Embodiment 33 provides the shaped abrasive particles of any one of embodiments 28 to 32, wherein the first region and the second region independently comprise from 25% surface area to about 50% surface area of the shaped abrasive particles.

Embodiment 34 provides the shaped abrasive particles of any one of embodiments 28 to 33, wherein the at least one sidewall is tapered.

Embodiment 35 provides the shaped abrasive particle of any one of embodiments 28 to 34, wherein the shaped abrasive particle comprises a varying cross-sectional area over the length of the shaped abrasive particle.

Embodiment 36 provides the shaped abrasive particle of any one of embodiments 28 to 35, wherein the first region and the second region independently comprise a rectangular or trapezoidal cross-sectional shape.

Embodiment 37 provides the shaped abrasive particle of any one of embodiments 28 to 36, wherein the first region and the second region independently comprise a triangular cross-sectional shape.

Embodiment 38 provides the shaped abrasive particle of any one of embodiments 28 to 37, wherein the shaped abrasive particle comprises at least four vertices.

Embodiment 39 provides the shaped abrasive particle of embodiment 38, wherein in the resting position, three apexes are in contact with the planar base.
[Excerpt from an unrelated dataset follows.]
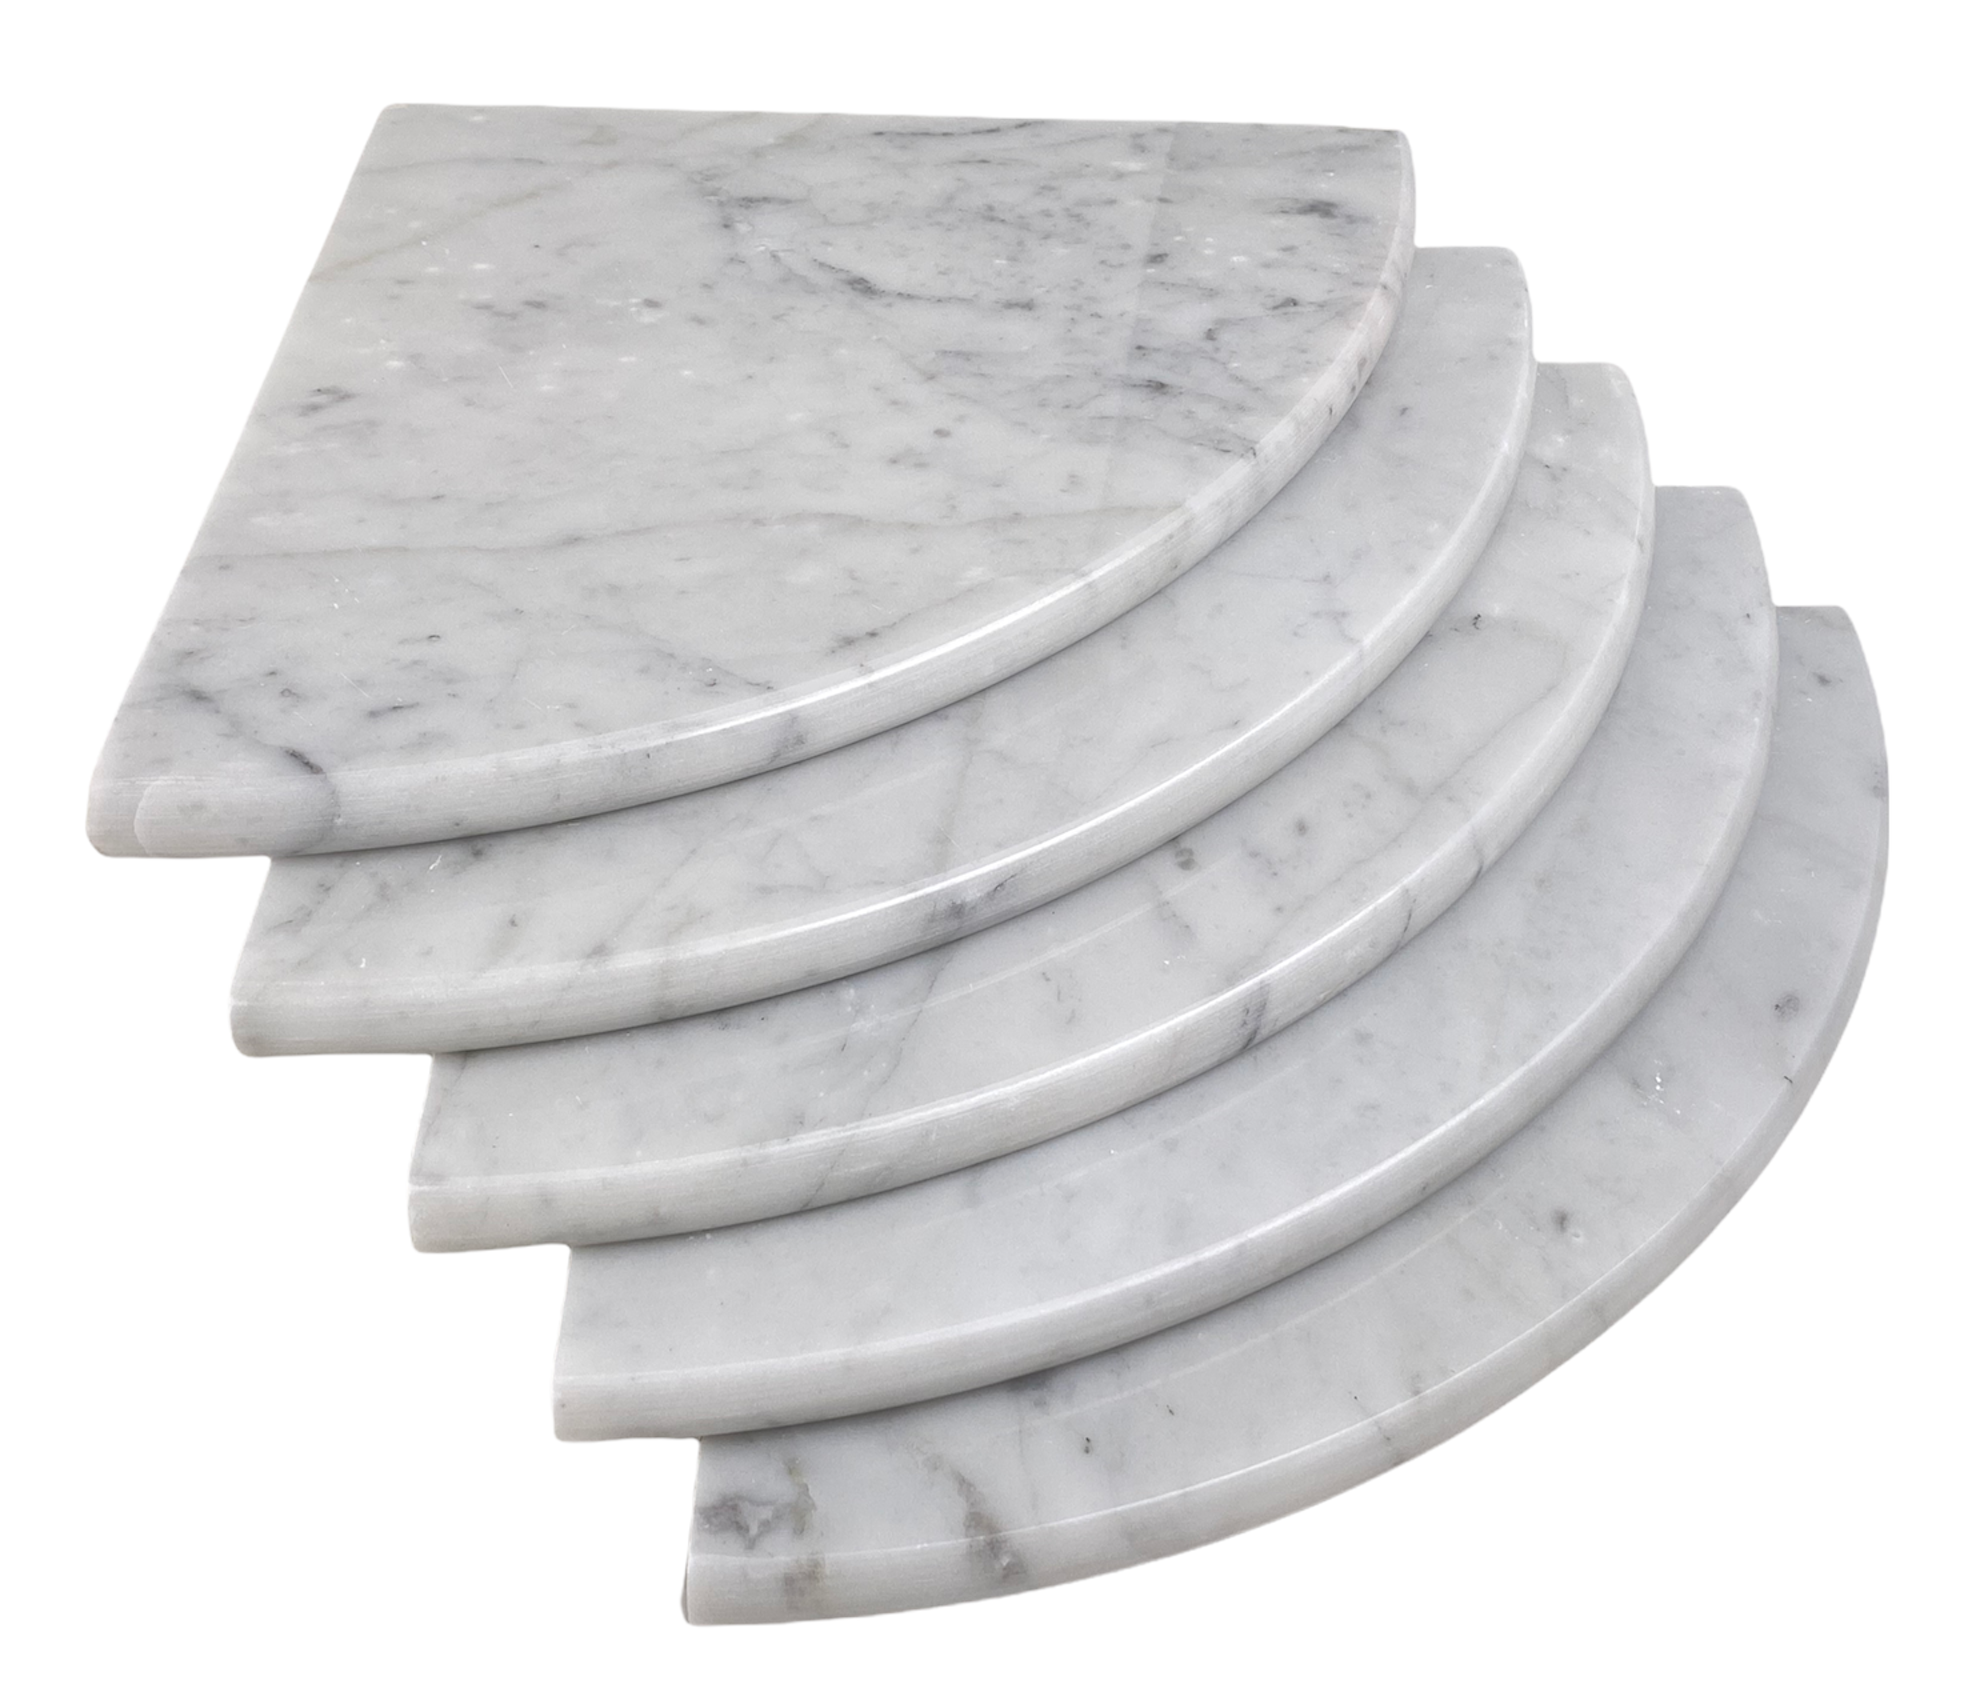 Tenedos Marble Corner Shower Shelf Stone White Bianco Carrara Stone Two Sides Polished 9" x 9" Rounded Front

Embodiment 40 provides the shaped abrasive particle of any one of embodiments 38 or 39, wherein in the resting position, the distance between the apex and the planar base is greater than the distance between the planar base and the center of gravity.

Embodiment 41 provides the shaped abrasive particle of any one of embodiments 38 to 40, wherein the distance between the apex and the planar base is at least 101% greater than the distance between the planar base and the center of gravity.

Embodiment 42 provides the shaped abrasive particles of any one of embodiments 28 to 41, wherein the shaped abrasive article is bent at a dihedral angle in the range of about 70 degrees to about 179 degrees.

Embodiment 43 provides the shaped abrasive particles of embodiment 42, wherein the shaped abrasive article is bent at a dihedral angle in the range of about 95 degrees to about 110 degrees.

Embodiment 44 provides the shaped abrasive particle of any one of embodiments 42 or 43, wherein the dihedral angle is measured between a first region of at least one of the first non-planar continuous surface and the second non-planar continuous surface and a second region of at least one of the first non-planar continuous surface and the second non-planar continuous surface.

Embodiment 45 provides the shaped abrasive particles of embodiments 28-44, wherein the thickness of the shaped abrasive particles is non-uniform.

Embodiment 46 provides shaped abrasive particles according to any one of embodiments 44 or 45, wherein the shaped abrasive particles comprise a varying cross-sectional area over the length of the shaped abrasive particles.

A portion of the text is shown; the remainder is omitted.